**AIM OF THE EXERCISE:**
Only the stretch below from the line holding "Sanyo PDG-DXL100 owner" through the line holding "Bar chart showing" should be restated, word for word and with both ends included; pictures stay out.

─── RECORDS SHOWN

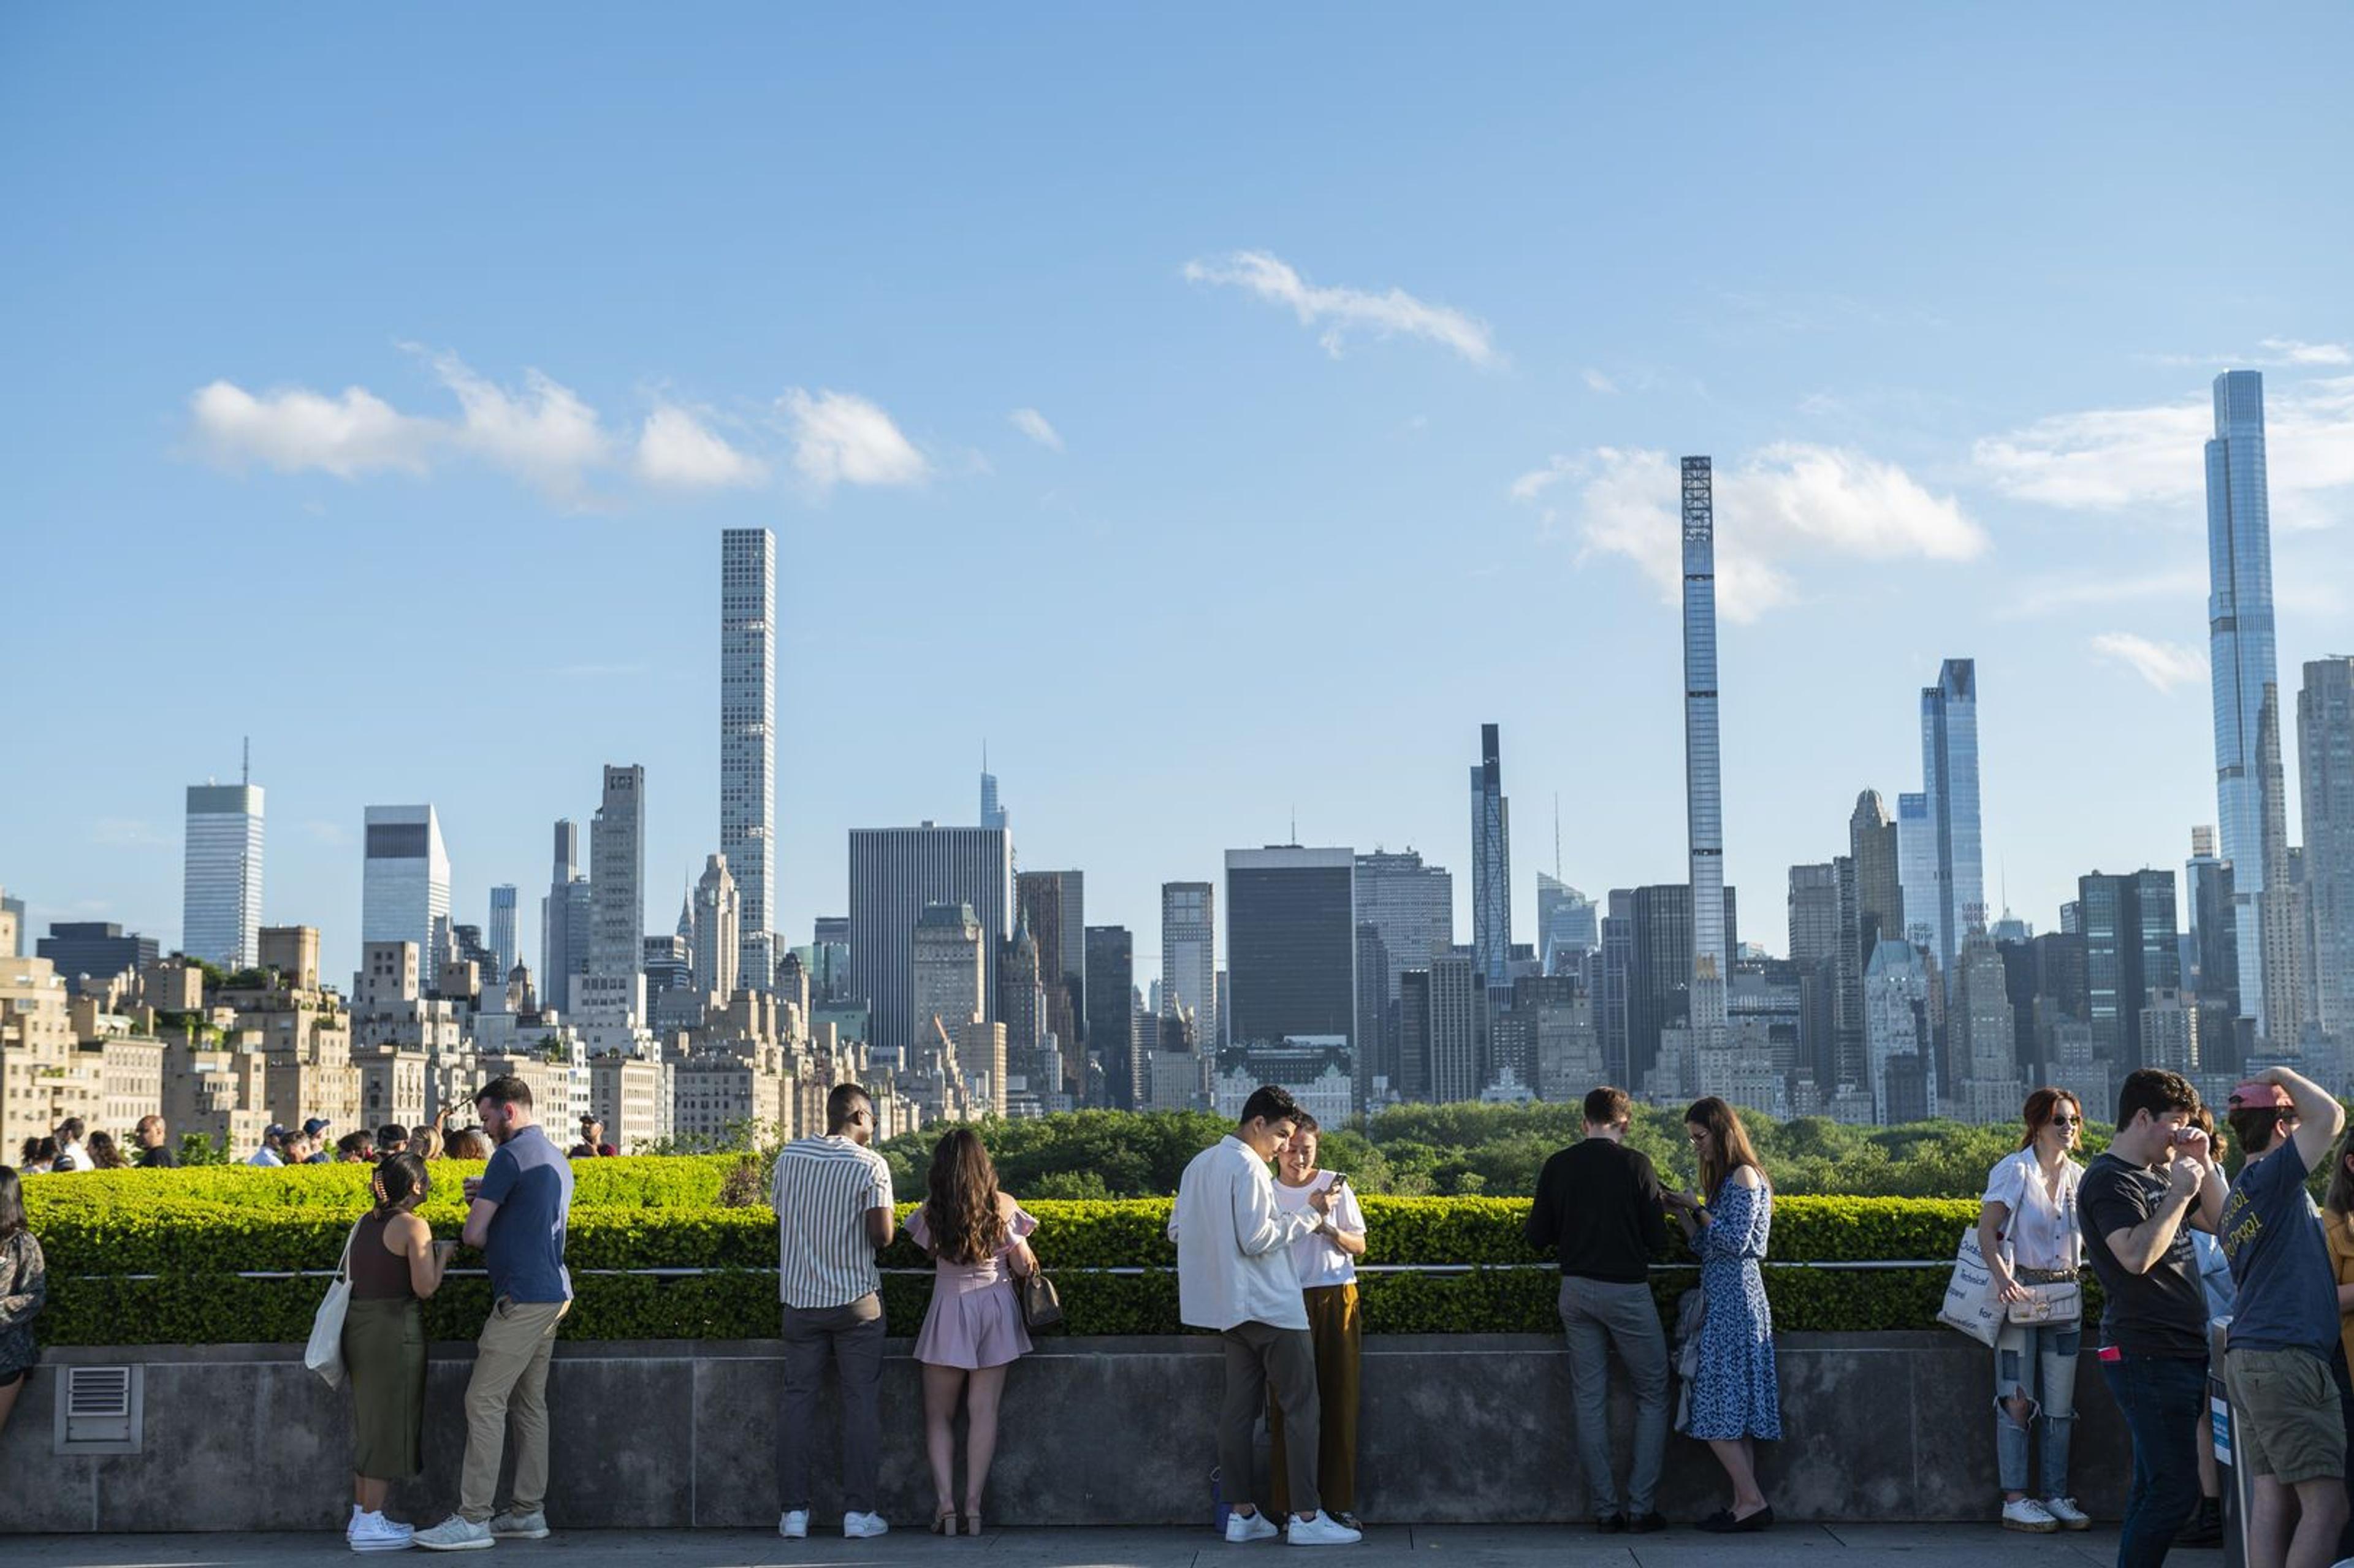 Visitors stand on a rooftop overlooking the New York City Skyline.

──────
─── RECORDS SHOWN

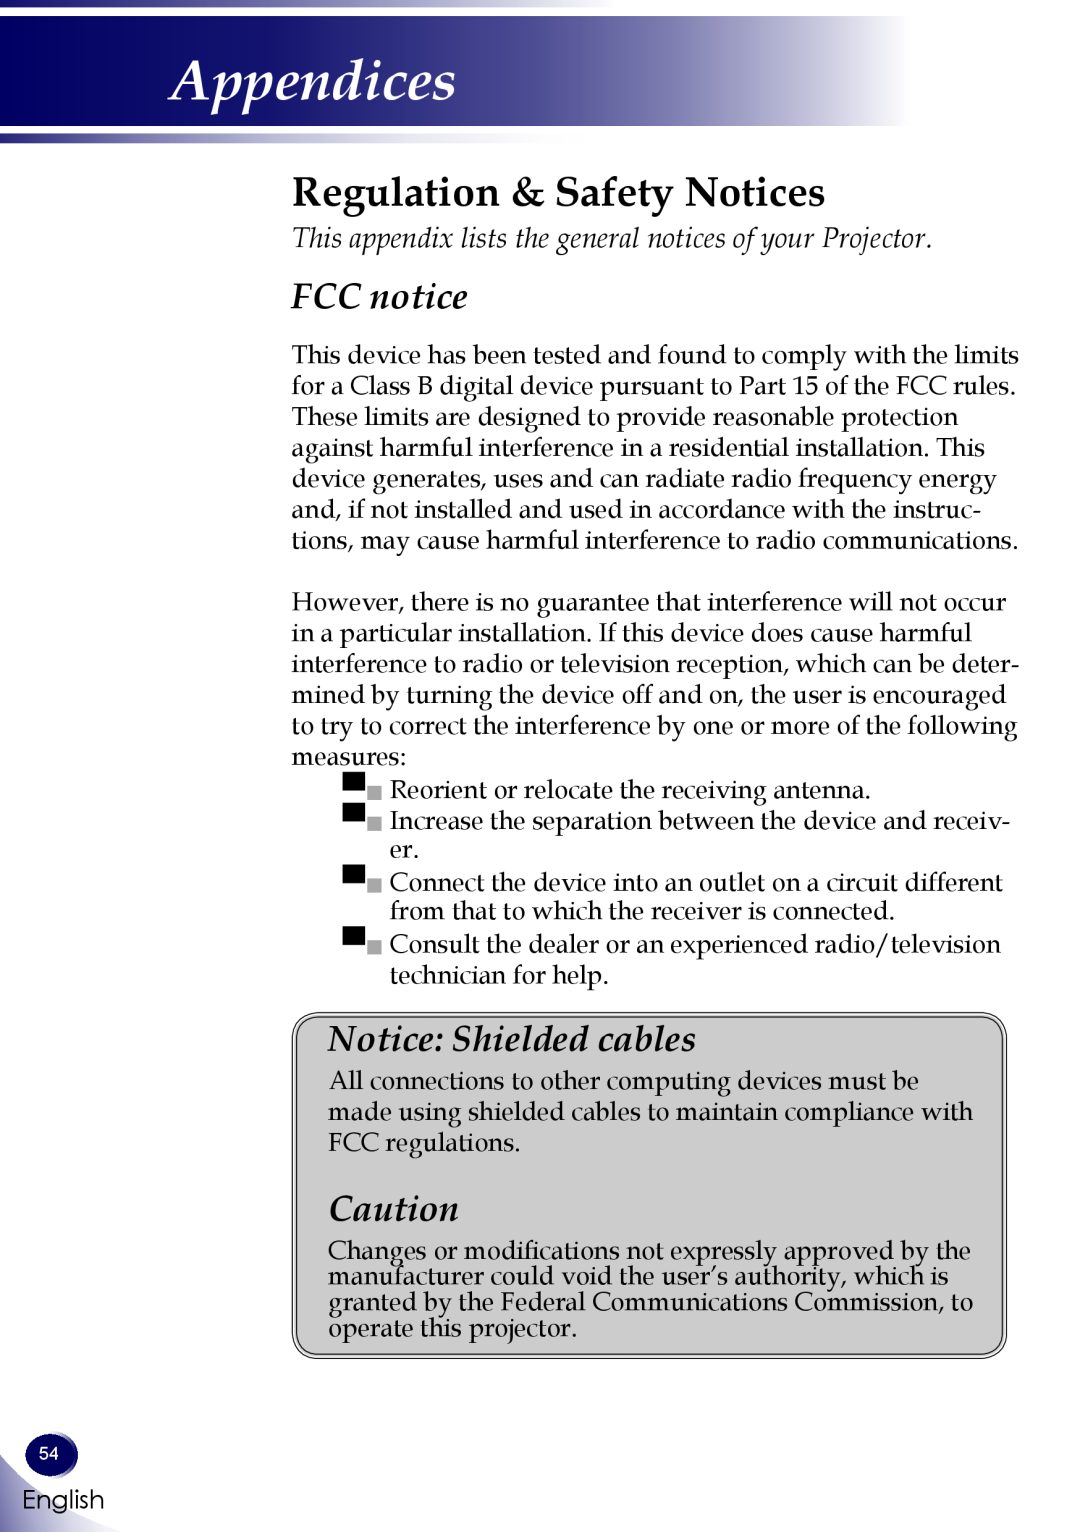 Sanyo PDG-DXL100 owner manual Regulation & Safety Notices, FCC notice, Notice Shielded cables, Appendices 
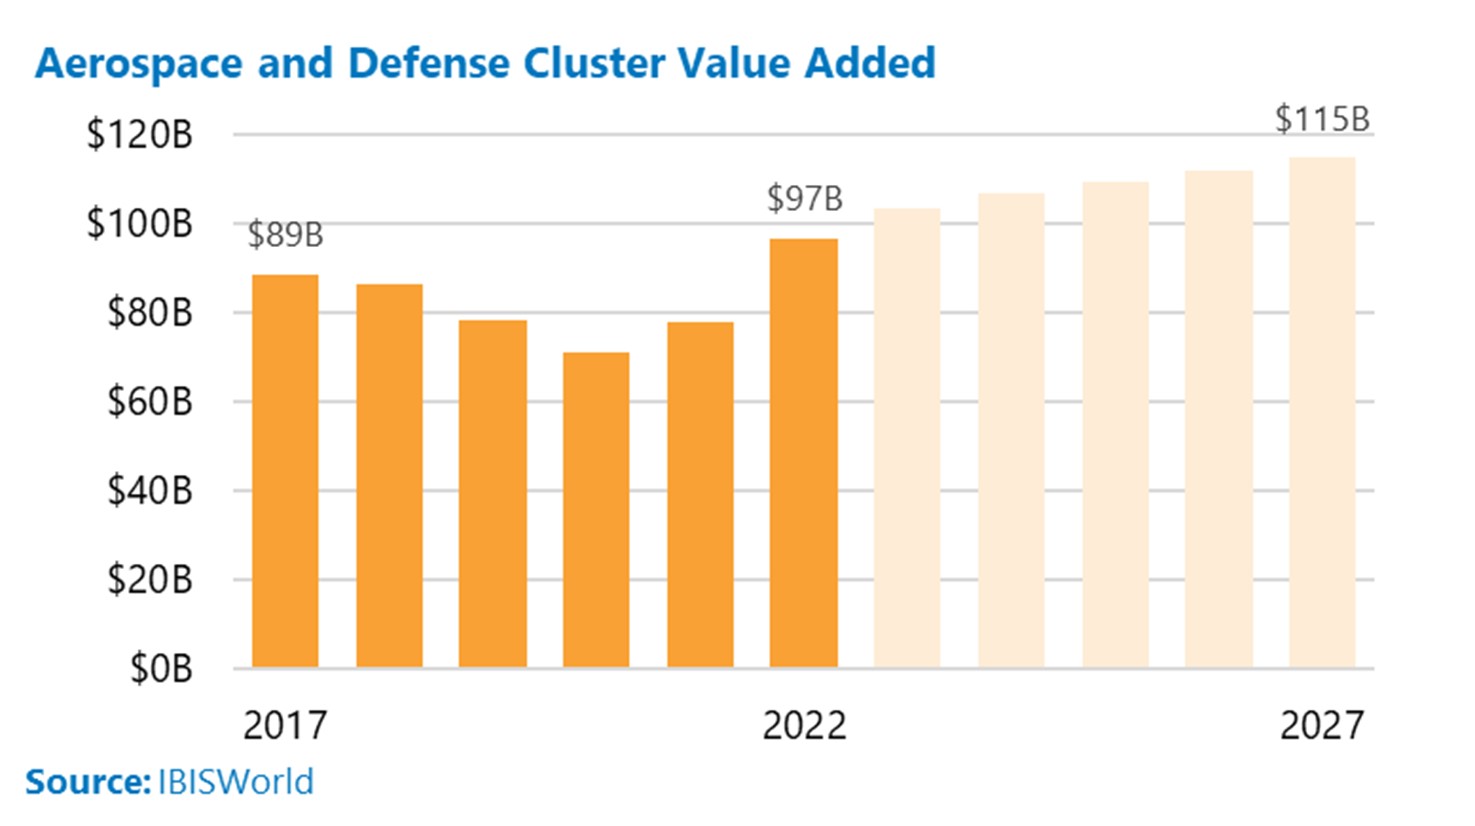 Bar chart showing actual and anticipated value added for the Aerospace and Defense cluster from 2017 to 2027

──────
─── RECORDS SHOWN

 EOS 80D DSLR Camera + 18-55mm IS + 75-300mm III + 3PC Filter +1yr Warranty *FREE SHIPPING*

──────

**TASK RESULT:**
 Sanyo PDG-DXL100 owner manual Regulation & Safety Notices, FCC notice, Notice Shielded cables, Appendices 
 Bar chart showing actual and anticipated value added for the Aerospace and Defense cluster from 2017 to 2027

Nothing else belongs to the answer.